[DATASET CONTENT]

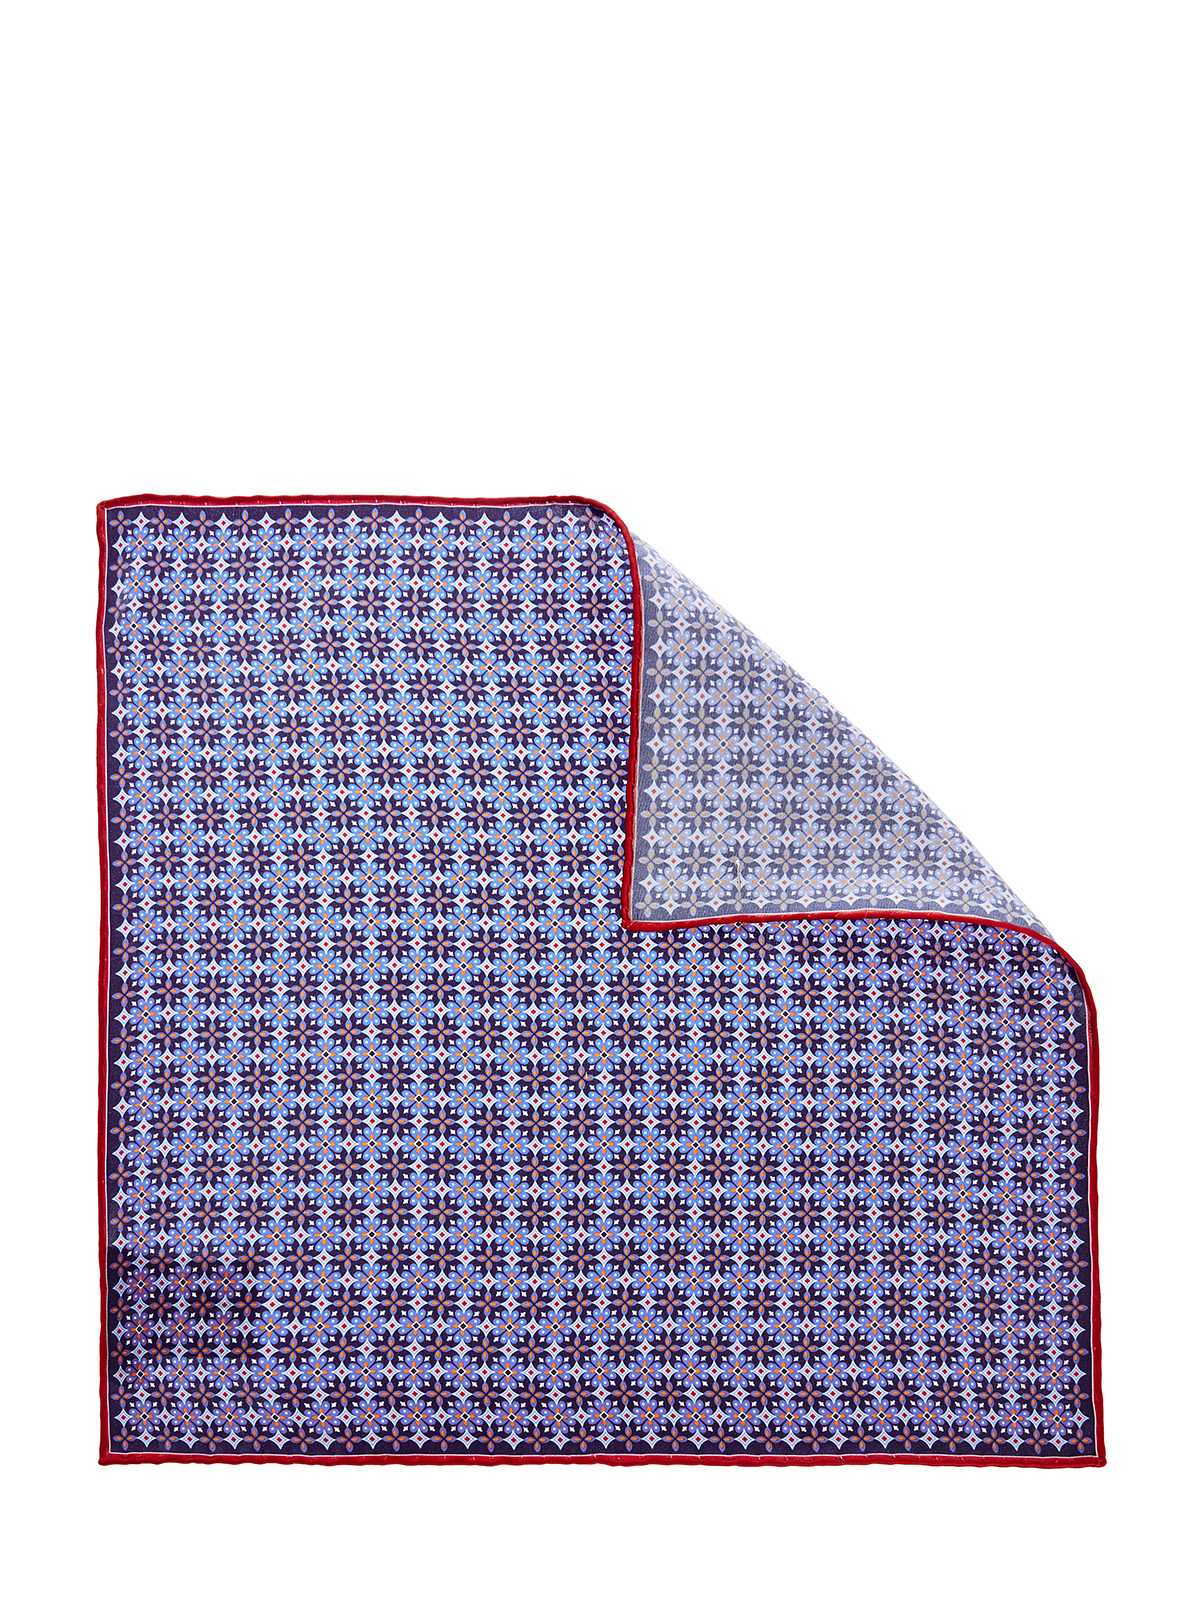 Шелковый платок-паше с набивным принтом CANALI, цвет синий, размер 40.5;41;41.5;42;42.5;43;43.5;44;45 - фото 2
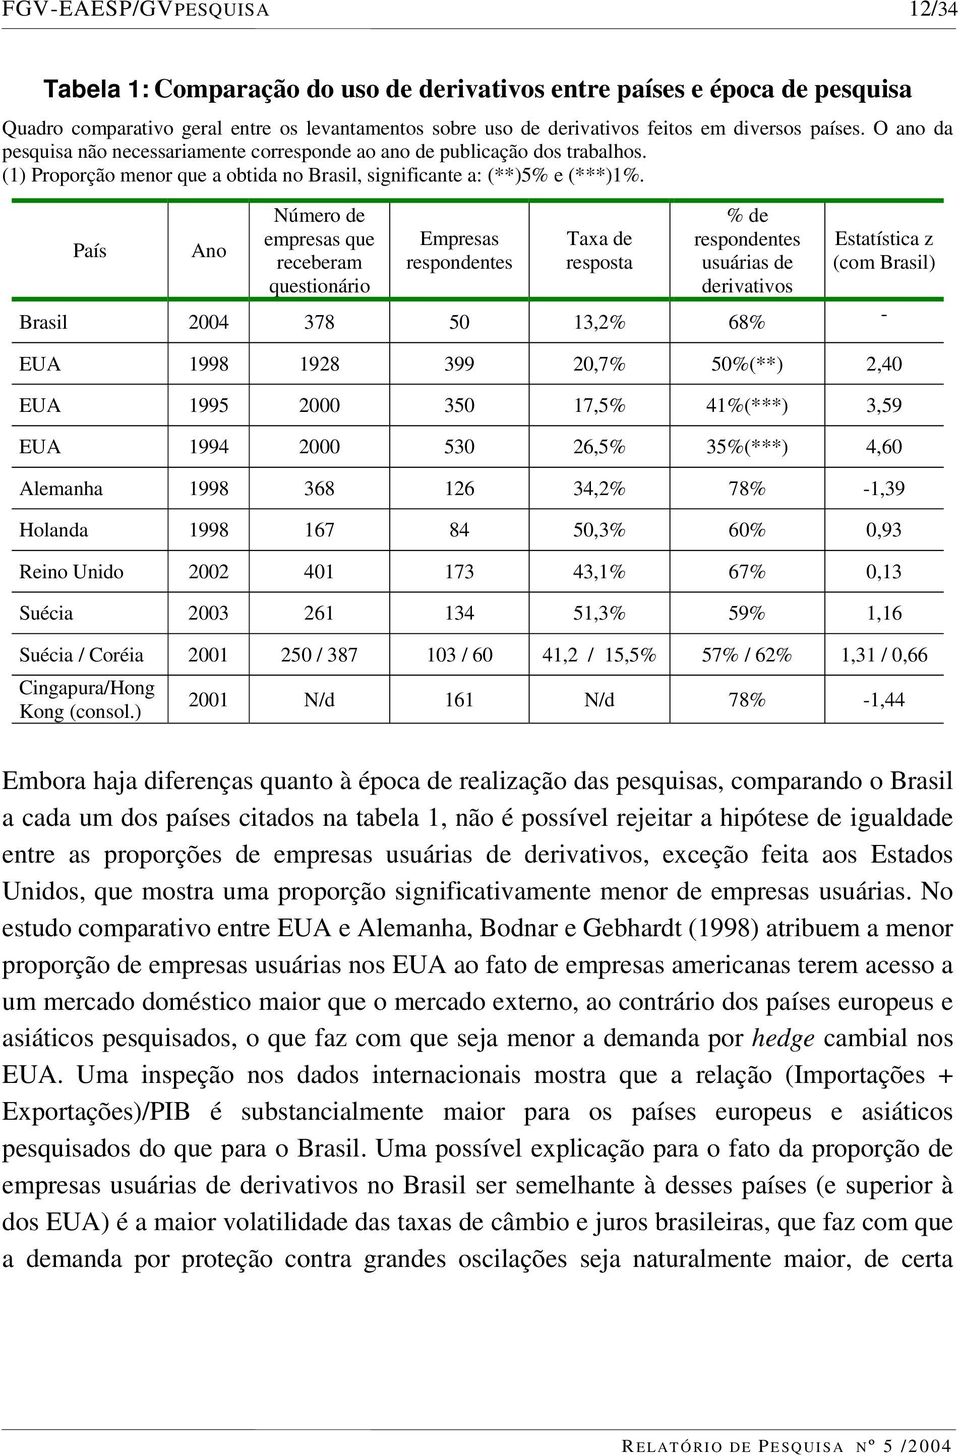 País Ano Número de empresas que receberam questionário Empresas respondentes Taxa de resposta % de respondentes usuárias de derivativos Brasil 2004 378 50 13,2% 68% Estatística z (com Brasil) - EUA
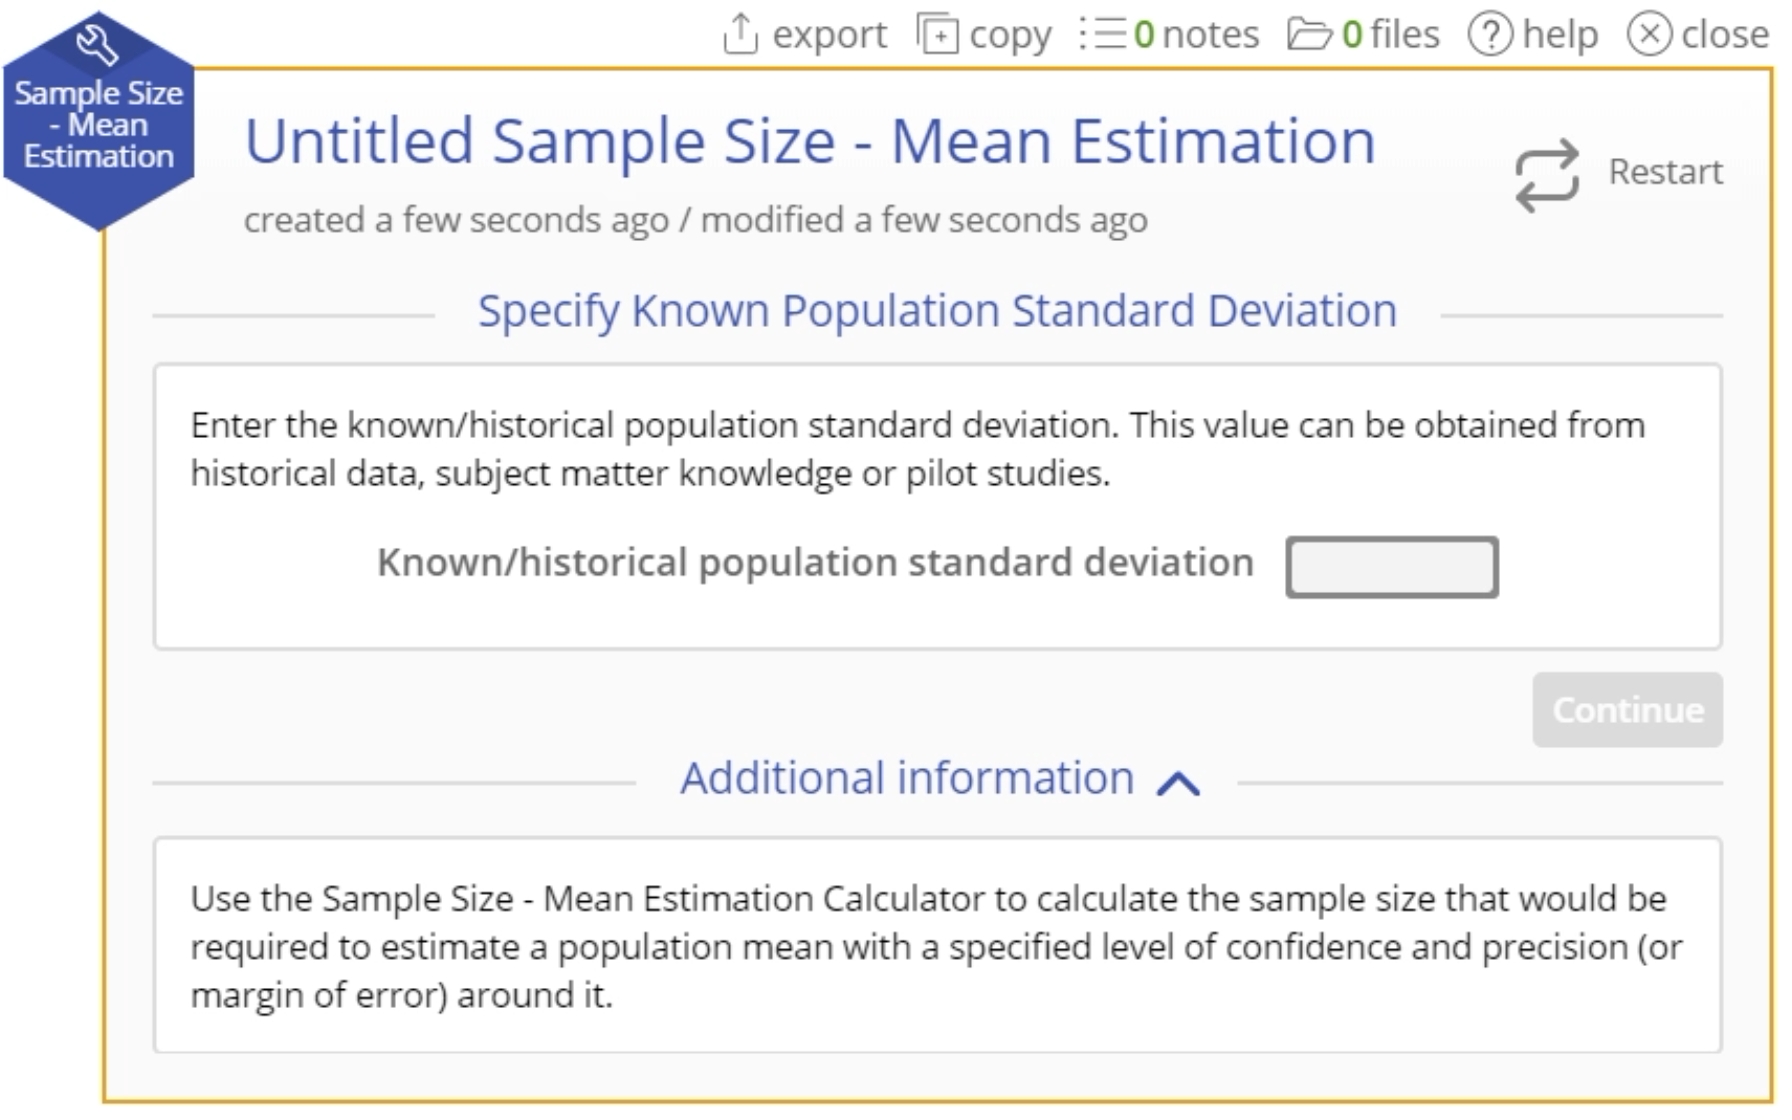 Start up menu for sample size estimation.

[/DATASET CONTENT]

- [PROBLEM DETAILS] Everything in the data above should be set down again exactly, except the pictures.

- [TASK RESULT]
 Шелковый платок-паше с набивным принтом CANALI, цвет синий, размер 40.5;41;41.5;42;42.5;43;43.5;44;45 - фото 2
 País Ano Número de empresas que receberam questionário Empresas respondentes Taxa de resposta % de respondentes usuárias de derivativos Brasil 2004 378 50 13,2% 68% Estatística z (com Brasil) - EUA
 Start up menu for sample size estimation.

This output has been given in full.